The 5th Circuit is the nation’s most conservative federal appeals court — but do politics matter?
Based in New Orleans, Louisiana, the 5th Circuit is among 13 federal appeals courts operating in the country, but it’s arguably become one of the most talked-about federal courts in recent years, due in large part to its abundance of Republican-appointed judges, six of whom were appointed by Trump, and its controversial rulings in issues ranging from voting rights to criminal justice.
An appeals court case is typically heard by a three-judge panel. But in Petteway and Chisom, the entire court will rehear arguments after voiding its previous decisions that affirmed lower court rulings in those cases.
In the Galveston County case, the 5th Circuit affirmed Brown’s ruling that struck down the commissioners court map for violating Section 2 of the Voting Rights Act, but requested that the entire court rehear the case. Specifically, the three-judge panel held that the entire court should reconsider precedent that allows for “minority-coalition” vote-dilution claims under the VRA.
“The district court appropriately applied precedent when it permitted the black and Hispanic populations of Galveston County to be aggregated for purposes of assessing compliance with Section 2,” the court wrote in its order. “But the members of this panel agree that this court’s precedent permitting aggregation should be overturned. We therefore call for this case to be reheard en banc.”

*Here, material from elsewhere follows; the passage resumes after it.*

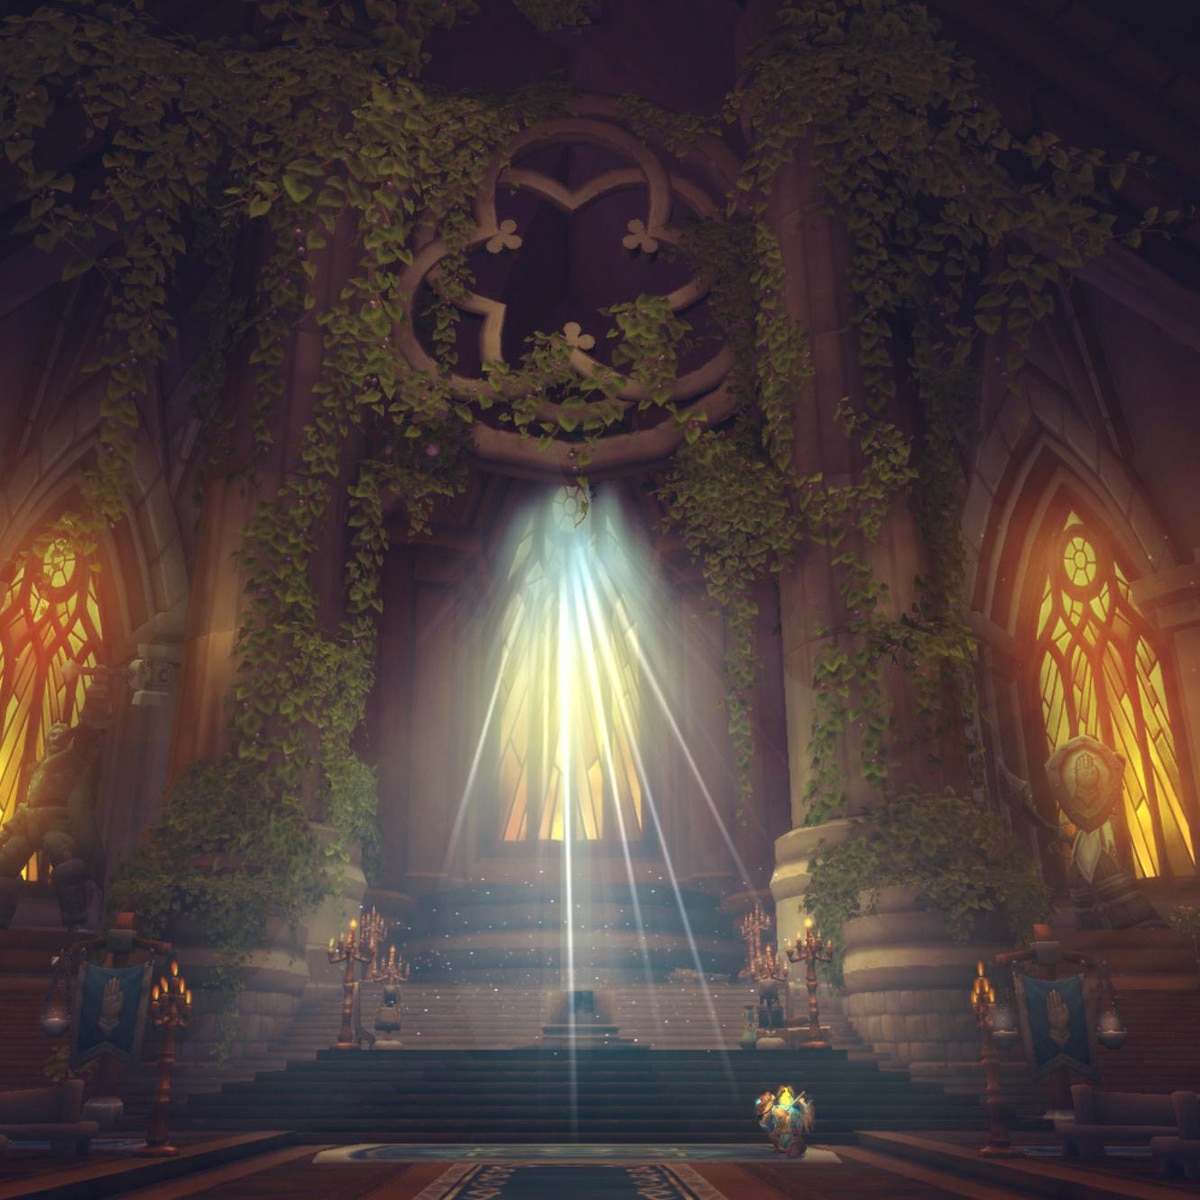 World of Warcraft - The Paladin Order Hall - Sanctume of Light - animated

In the Louisiana case, the 5th Circuit affirmed the district court’s ruling to keep the consent decree in effect, but later agreed to rehear the case en banc after the state requested a rehearing.

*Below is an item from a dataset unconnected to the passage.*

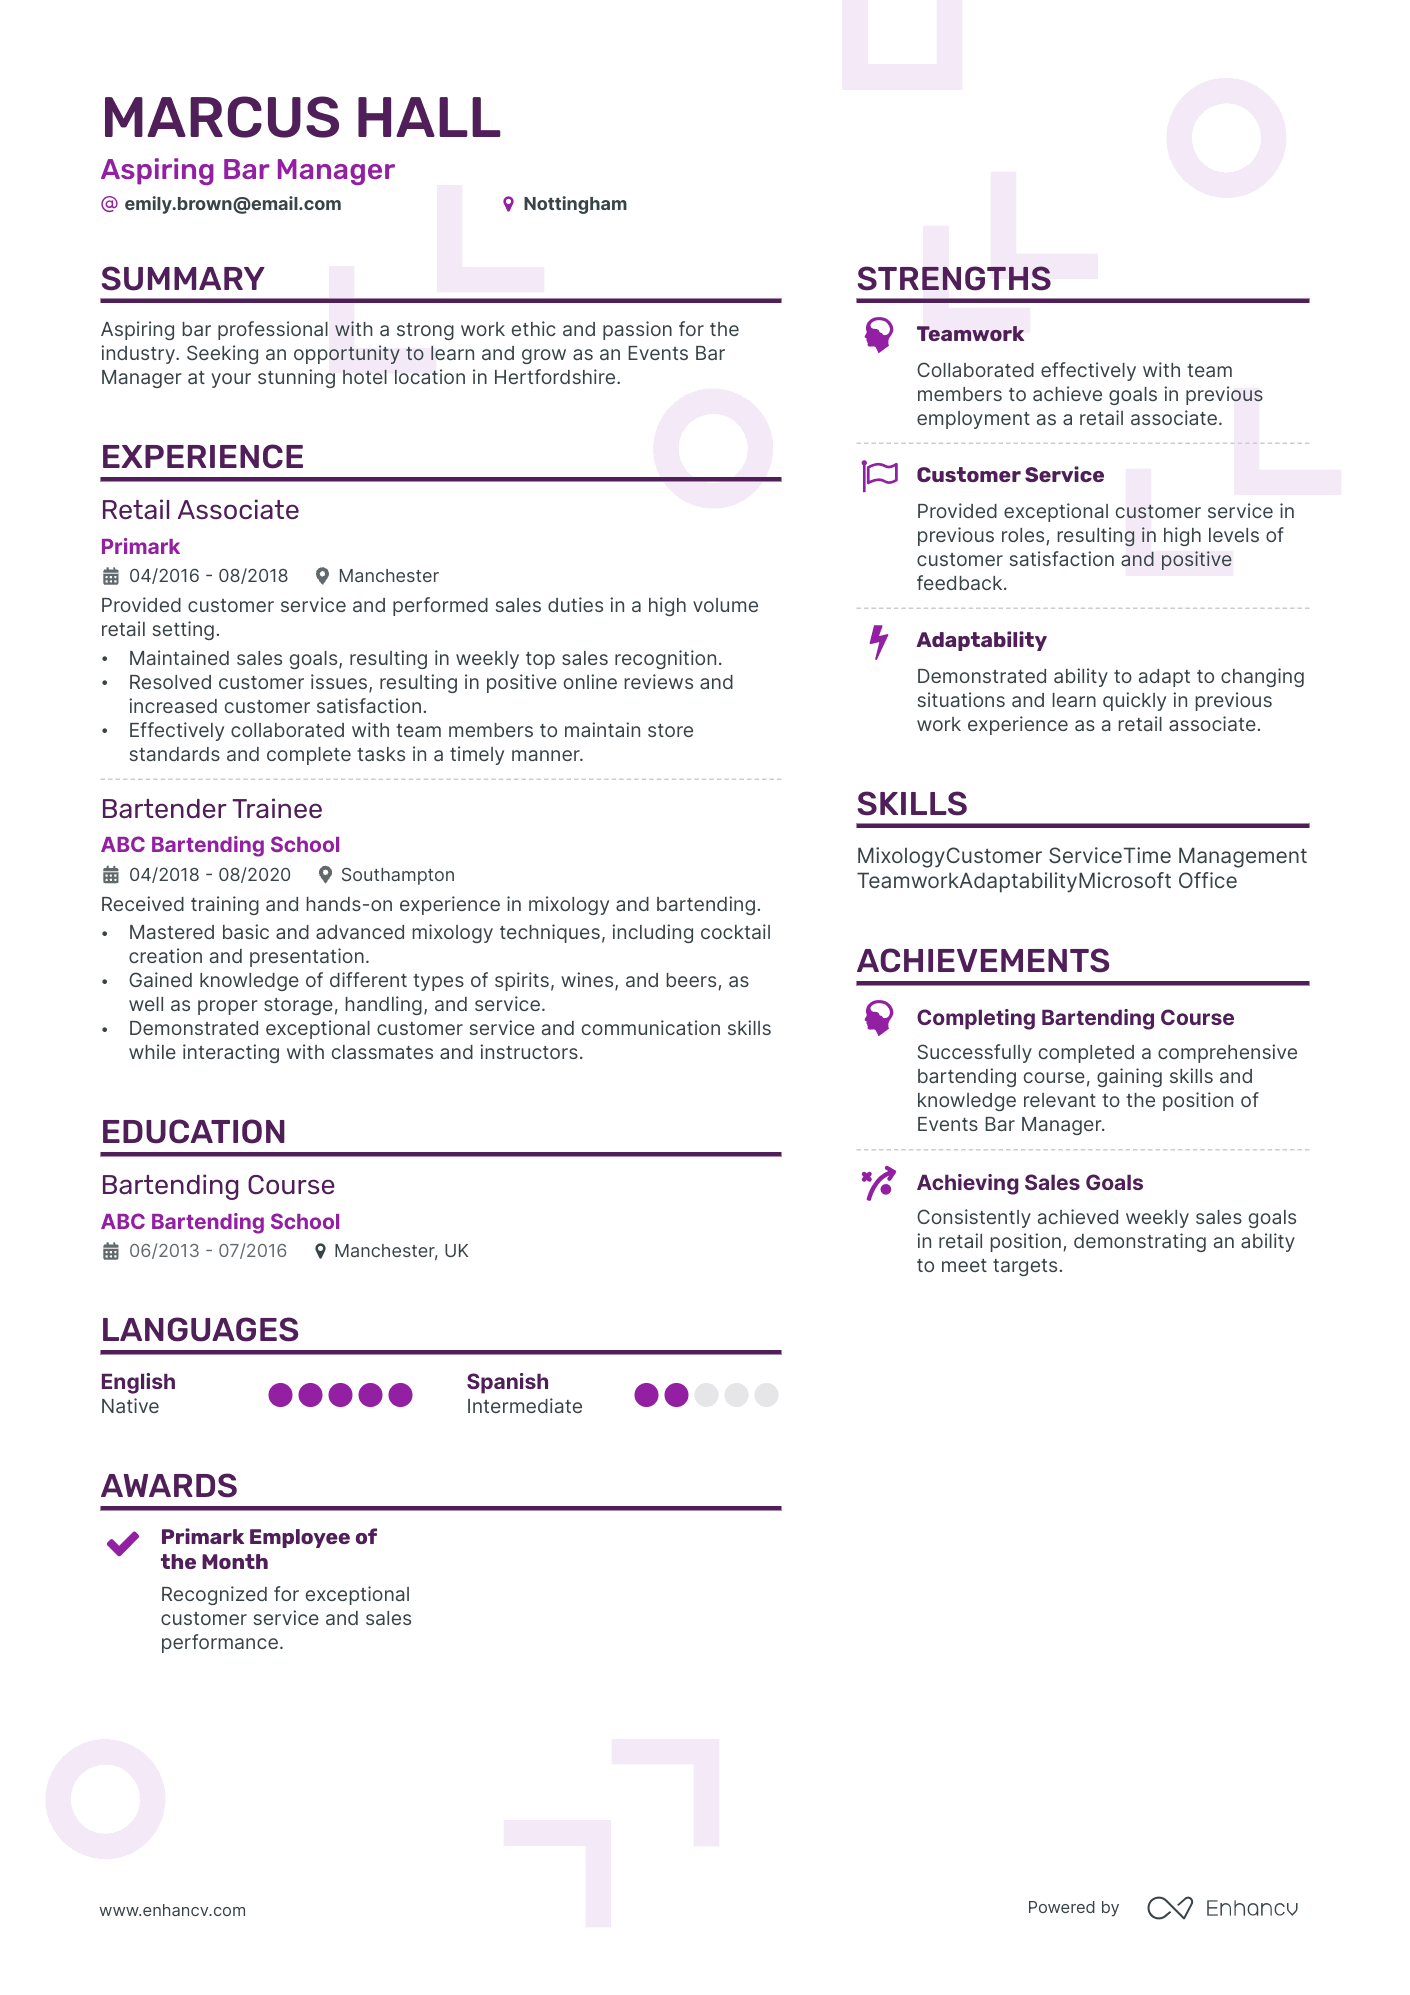 Aspiring Bar Manager CV example

According to a March report in Bloomberg Law, the court reheard five cases en banc in January, and agreed to hear five more in May. Comparably, the most cases the court has reheard was 11 cases in 2003, the publication reported. During the 5th Circuit’s 2021-2022 term, it granted only four out of 203 — or 2% of — petitions for rehearing en banc, according to Democracy Docket.
The court’s decision to rehear a case could be attributed to a number of factors, appellate attorney Raffi Melkonian told Democracy Docket in a phone interview, including the number of Trump-appointed judges on the court — but not necessarily because of partisan leanings.

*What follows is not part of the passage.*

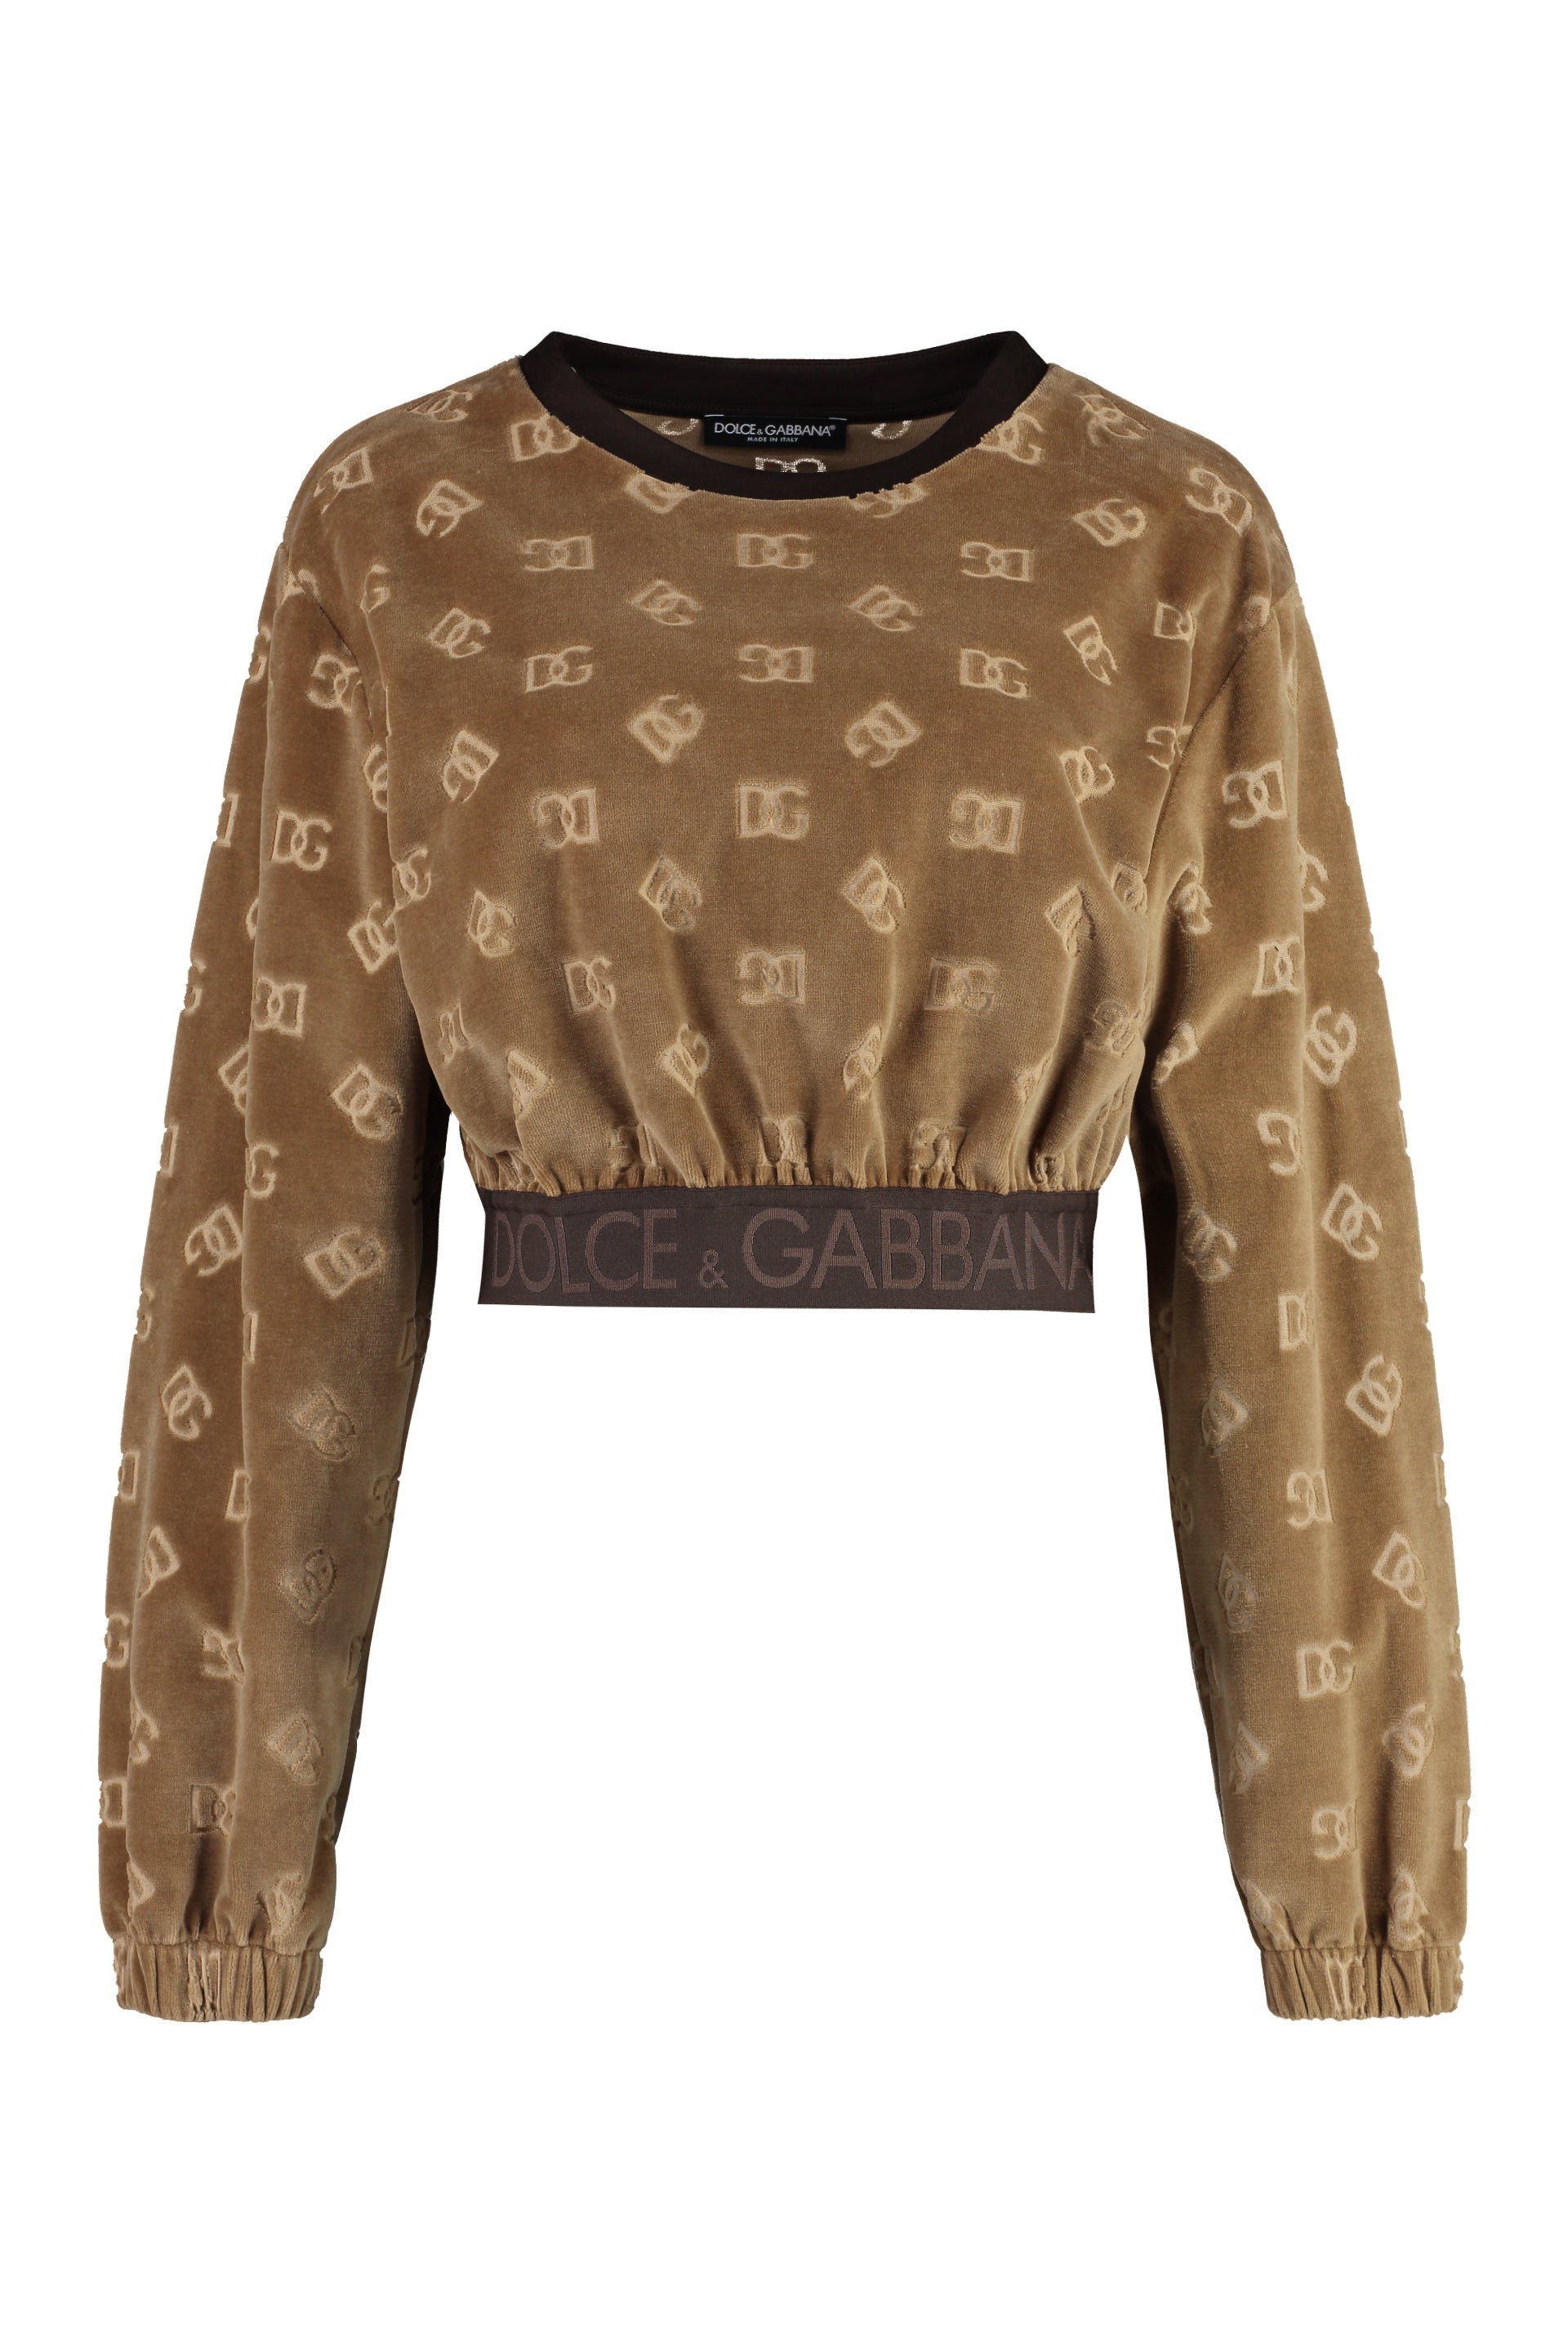 Shop Dolce & Gabbana All-over Jacquard Logo Sweatshirt For Women In Camel

“I think the six Trump appointees just have a relatively different judicial philosophy than the judges they replaced,” Melkonian, who has argued appeals before the U.S. Supreme Court, said. “They’re probably more originalist or textualist. And that has the consequence of going en banc more often, because the originalist answer might be way different than what the court has done for 40 years, so they end up wanting to go en banc to change that.”
But how much is politics a factor? “It’s hard to say whether it’s politics, or whether it’s judicial philosophy, and how closely politics maps on to judicial philosophy,” Melkonian said. “But what I’ll say is, when you get any decision in the Fifth Circuit that’s by two Democratic-appointed judges, or three, the chance of an en banc rehearing goes up.”
This story was corrected on May 15, 2024, at 5:45 p.m. EDT to reflect that Louisiana’s new Supreme Court map could potentially bolster, not undermine, the state’s case against the 1992 consent decree.